__Information supplied__.
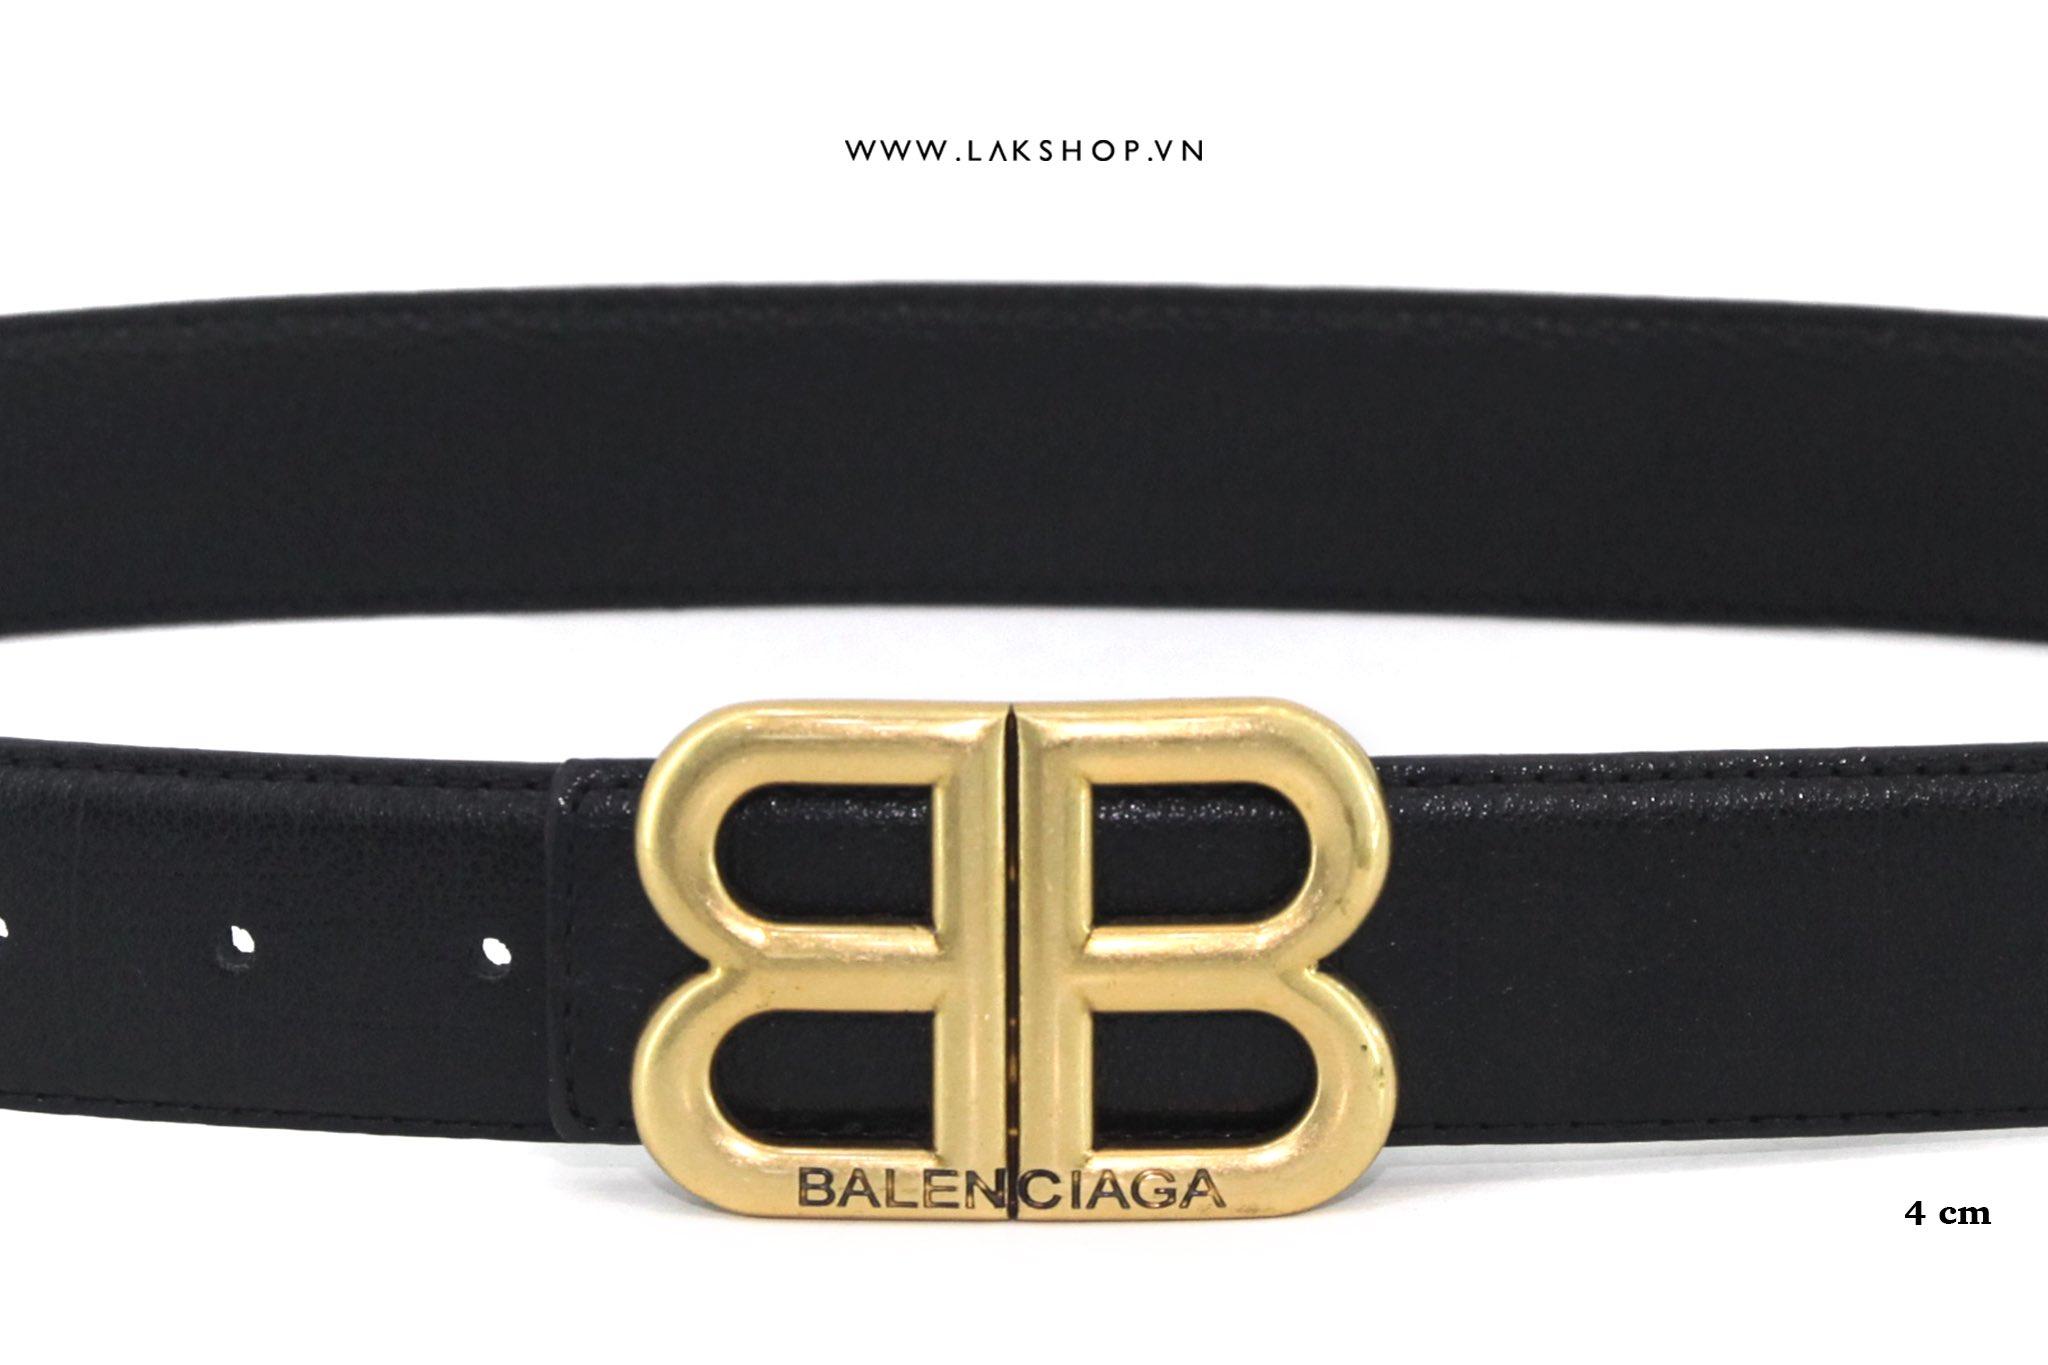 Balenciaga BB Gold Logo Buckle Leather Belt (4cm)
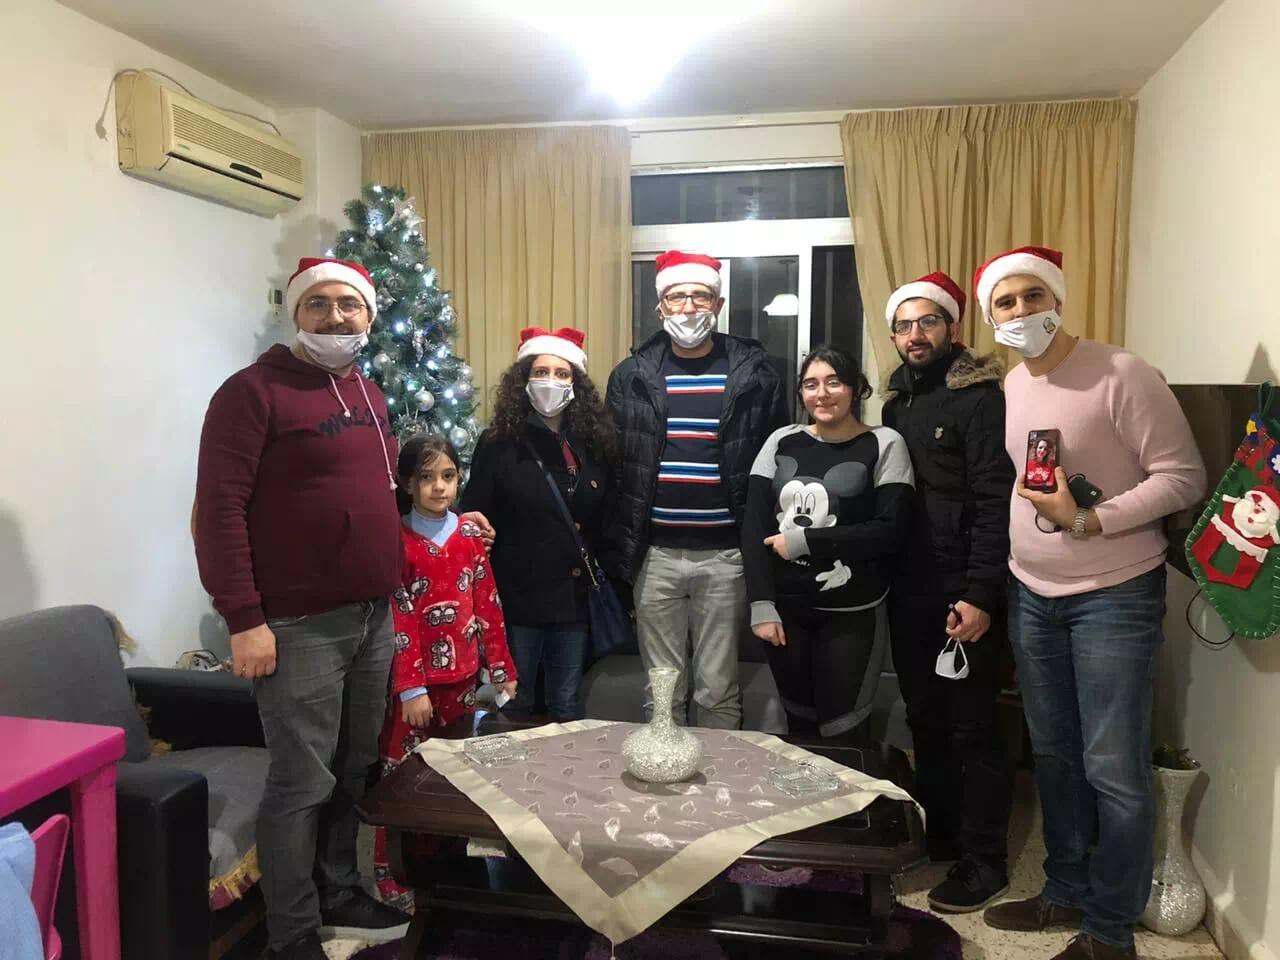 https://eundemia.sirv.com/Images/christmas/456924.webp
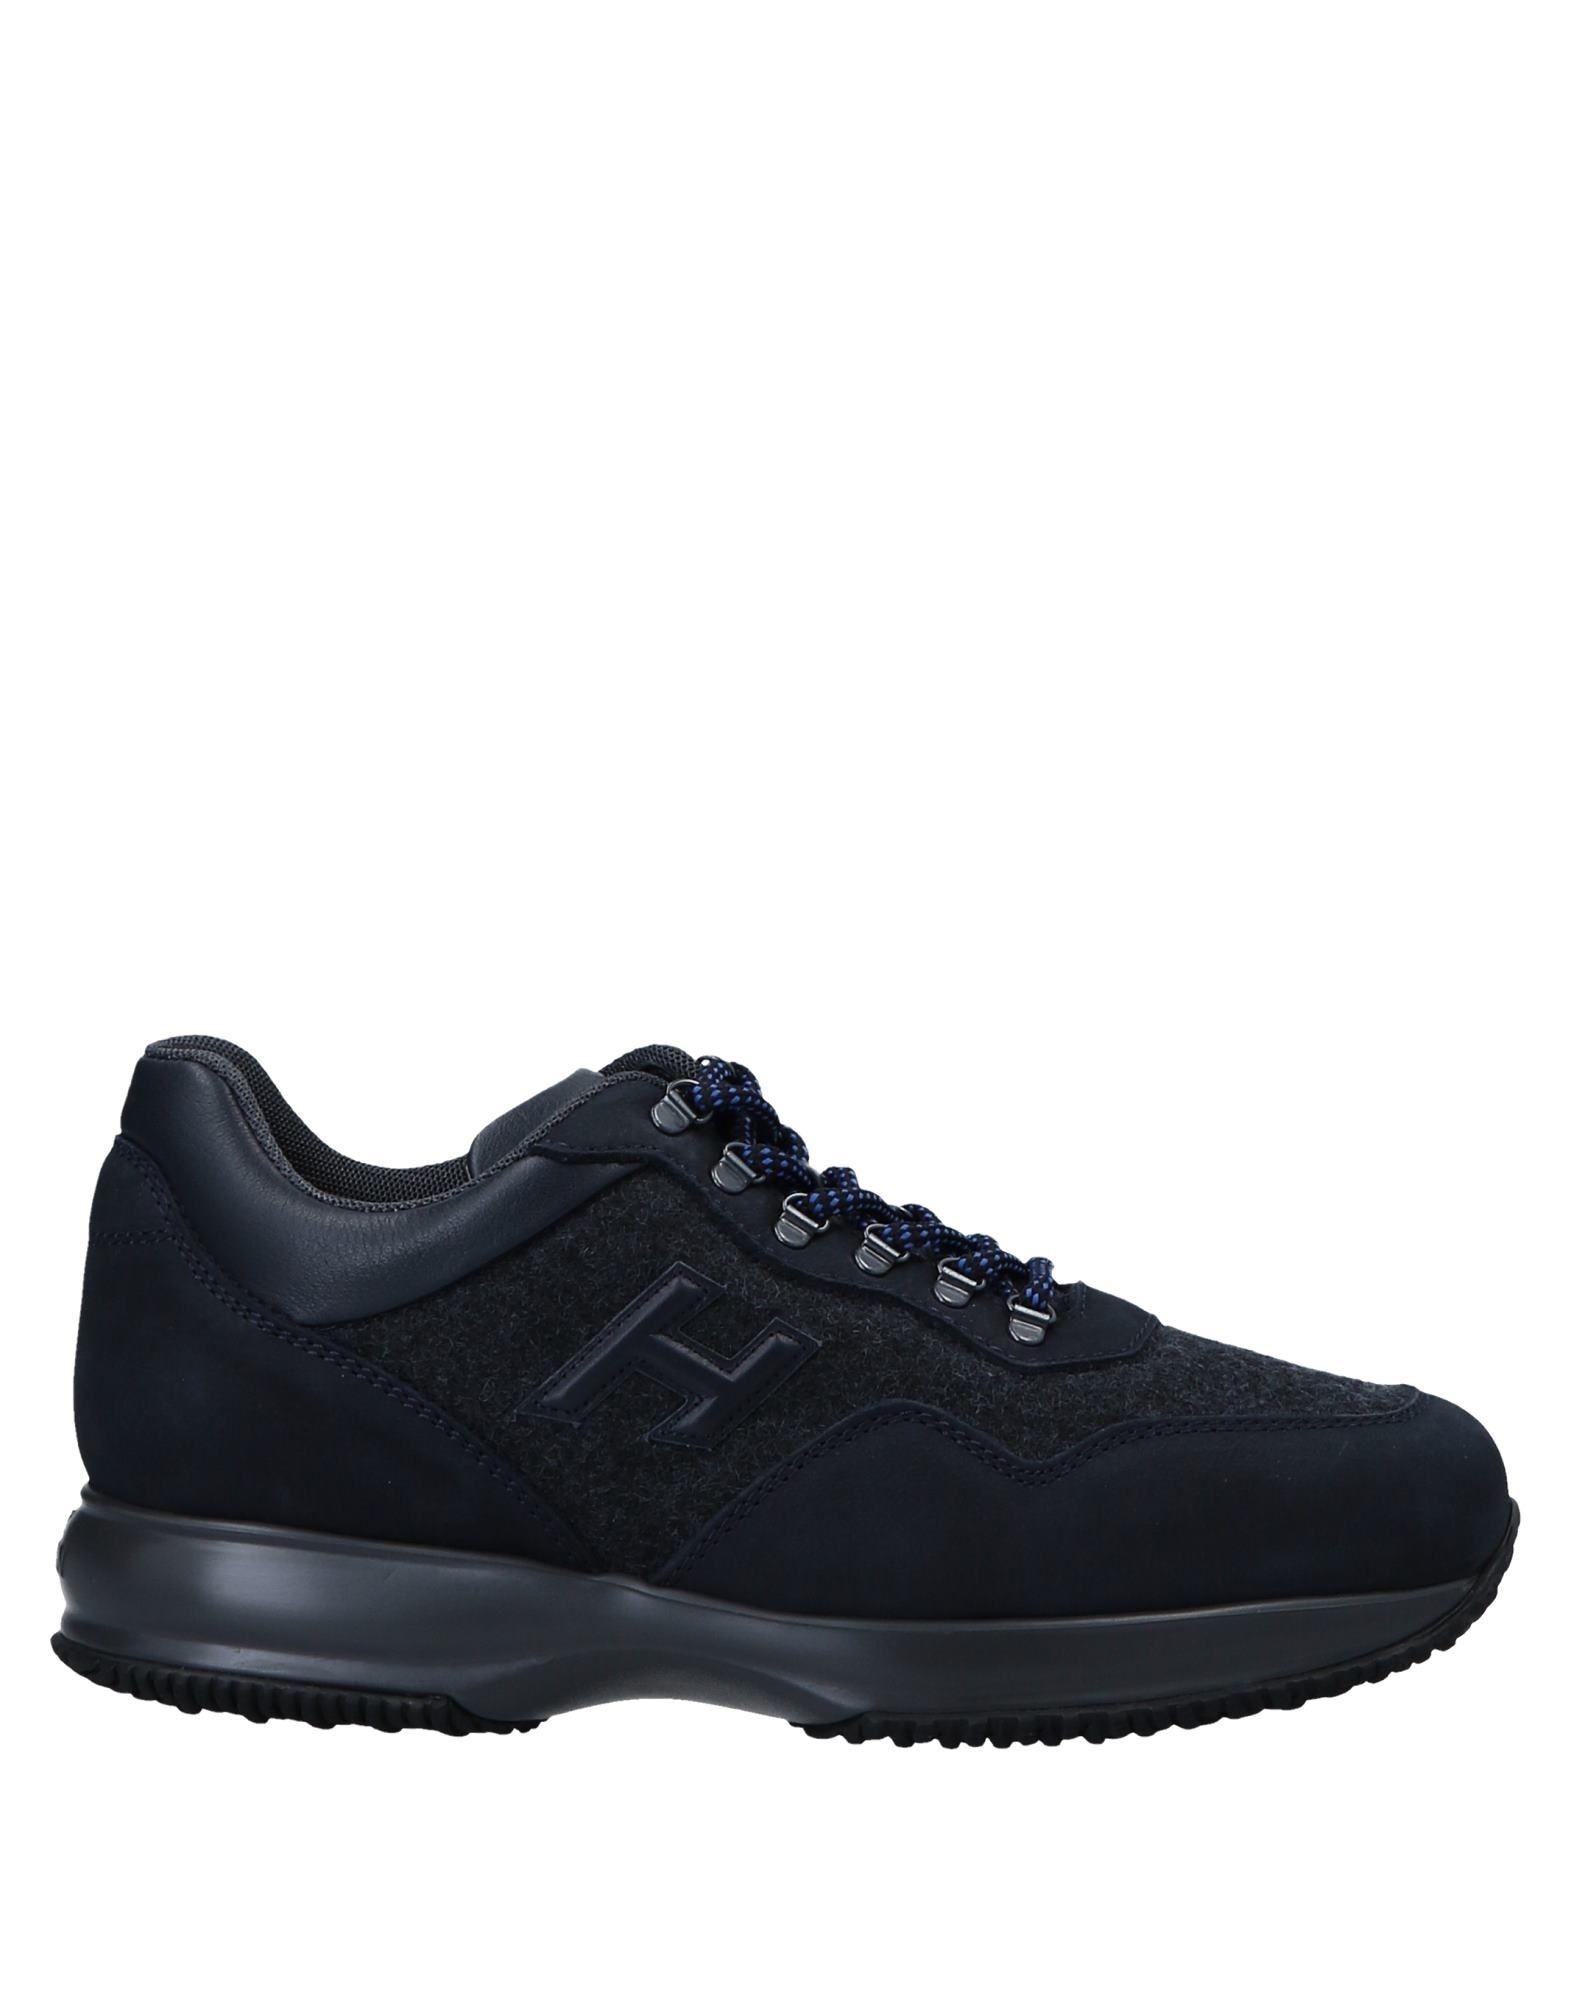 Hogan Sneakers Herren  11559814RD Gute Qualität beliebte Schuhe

__Problem to solve__.
The response is the full listing, copied exactly, with the pictures omitted.

__Answer box__.
 Balenciaga BB Gold Logo Buckle Leather Belt (4cm)
 https://eundemia.sirv.com/Images/christmas/456924.webp
 Hogan Sneakers Herren  11559814RD Gute Qualität beliebte Schuhe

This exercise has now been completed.